Shyamoli NR also runs buses on five cross-border routes: Dhaka-Kolkata-Dhaka, Dhaka-Agartala-Dhaka, Dhaka-Sylhet-Shillong-Guwahati-Dhaka, Agartala-Dhaka-Kolkata-Agartala and Dhaka-Khulna-Kolkata-Dhaka. But now, all the routes are closed.
"Actually, I do not know how I will save my business," he said, adding, "we can save ourselves if the government allocates special funds for us or the banks reduce the interest."
Luxury passenger vehicles began their journey in Bangladesh during the late 1990s in an aim to cope with the changes in tastes of consumers who were increasingly choosing buses over trains due to shorter journey times.
According to a Planning Commission report on sustainable transportation and infrastructure, roads carry over 88 percent of passengers while waterways and rail carry the rest of the passenger and freight traffic in Bangladesh.
Shohagh Paribahan pioneered modern bus transportation in Bangladesh with a concept of sophisticated customer service.
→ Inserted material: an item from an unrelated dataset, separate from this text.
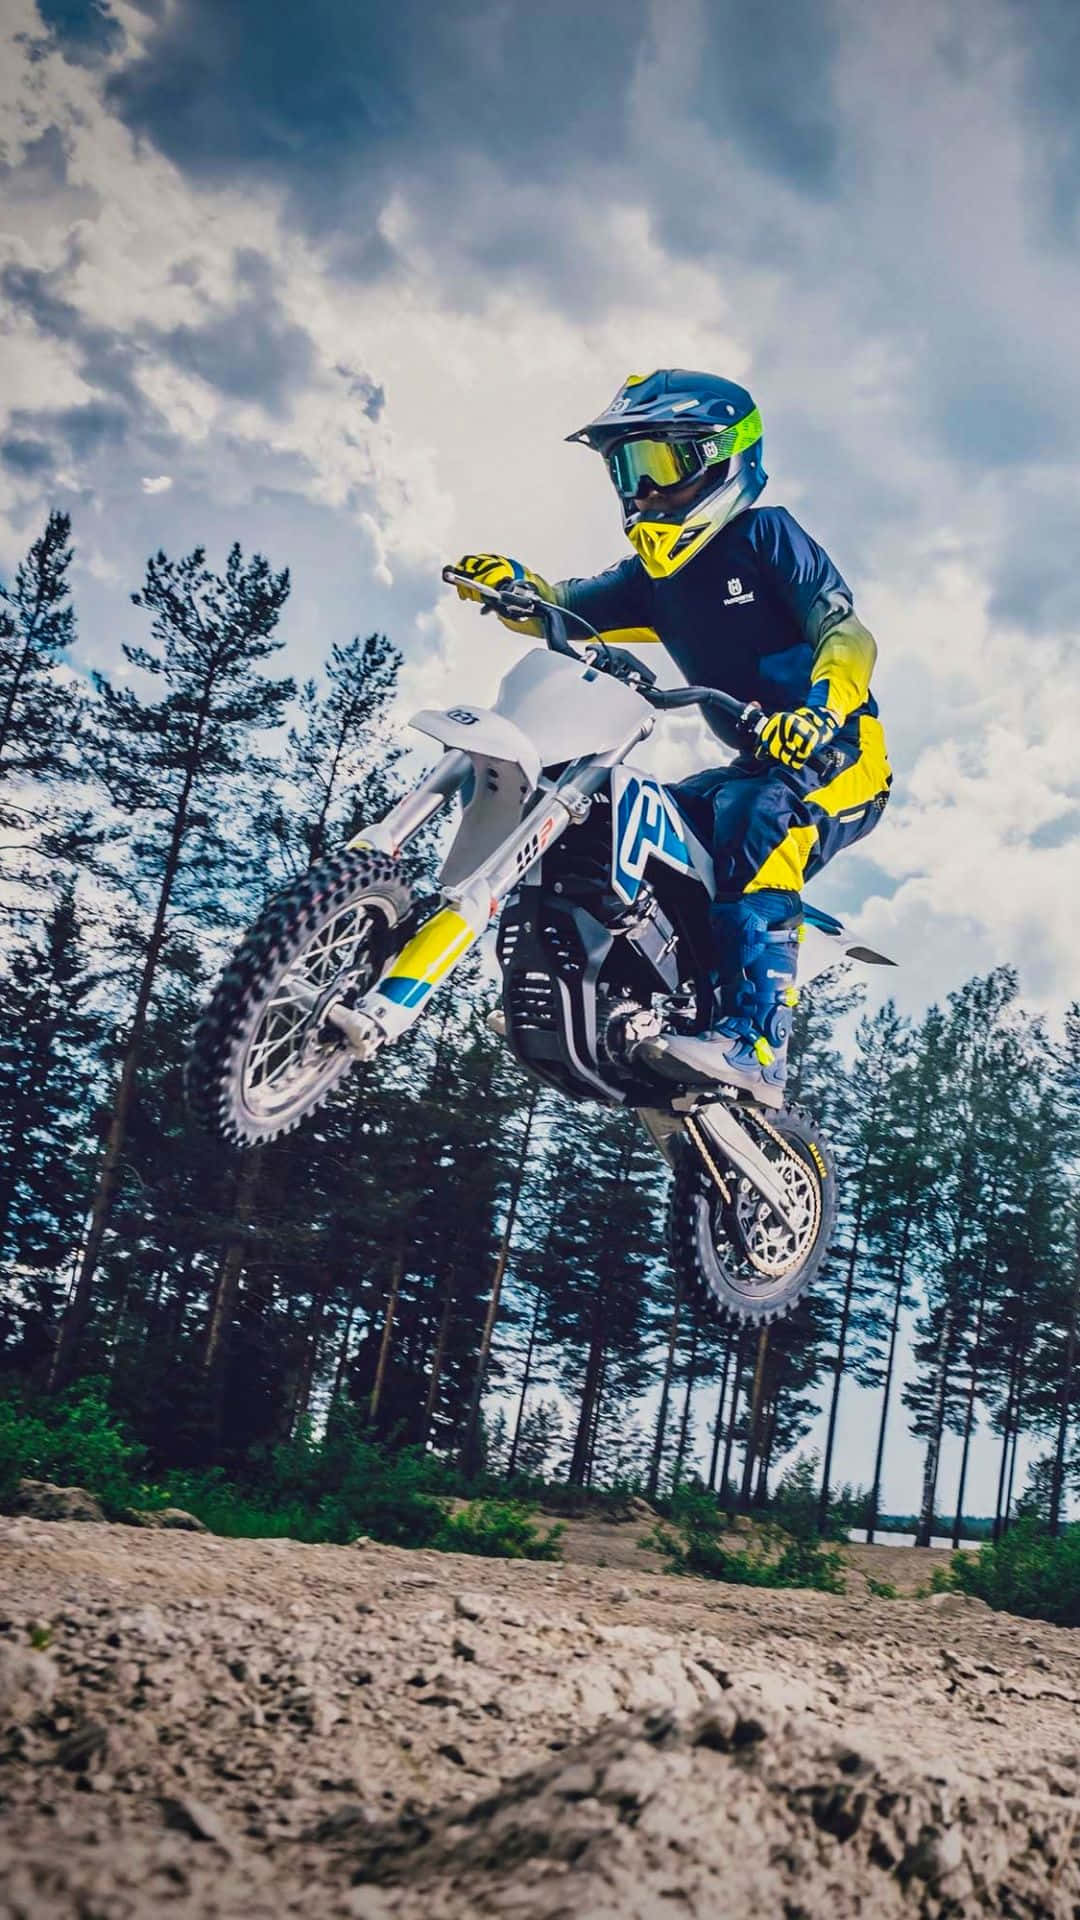 Rider Jumping High on a Motocross Dirt Bike

They started their journey with a luxurious AC bus service in Chattogram in 1992. They are now operating bus services also in: Cox's Bazar, Jashore, Khulna, Magura, and so on.
Passengers averse to journeys by AC bus
Rakibul Hasan Chowdhury, a resident of Chattogram, used to travel by AC bus to Dhaka at least twice a month, but in the last five months, he has avoided the bus service. This month, he chose a flight to go to the capital.
"It is risky now to travel by the AC bus. Similarly, the fares of the AC bus and the air travel are almost the same. So, I prefer to travel by air now," he said.
Rifat Hossain, another traveller on the Jashore-Dhaka route, echoed this.
Bus staff struggling
Most of the bus staff – including drivers, conductors and guides – are facing a severe financial crisis as a result of reduced trips.
The sector employs around 25,000 people.
Shamim, a driver of Shyamoli Paribahan, said he has been passing his time idly since March.
"My bus has been in the garage for a long time. I do not get paid if the bus does not run. I am helpless now and only see darkness," he said.
Md Azam, ticket seller of Green Line Paribahan's Bus Stand office in Cox's Bazar, said they had been getting half their salaries since March.
"It is tough to lead our daily lives with a poor salary. The company was going well but Covid-19 hampered the pace," he added.
Md Alauddin, owner of Green Line Paribahan, said he could not pay the salary to his staff but gave 100 kilogrammes of rice, oil and pulses to them.
"I had Tk2 crore savings in my account. I have given all the money to my staff. Now, I am unable to pay salaries," he said.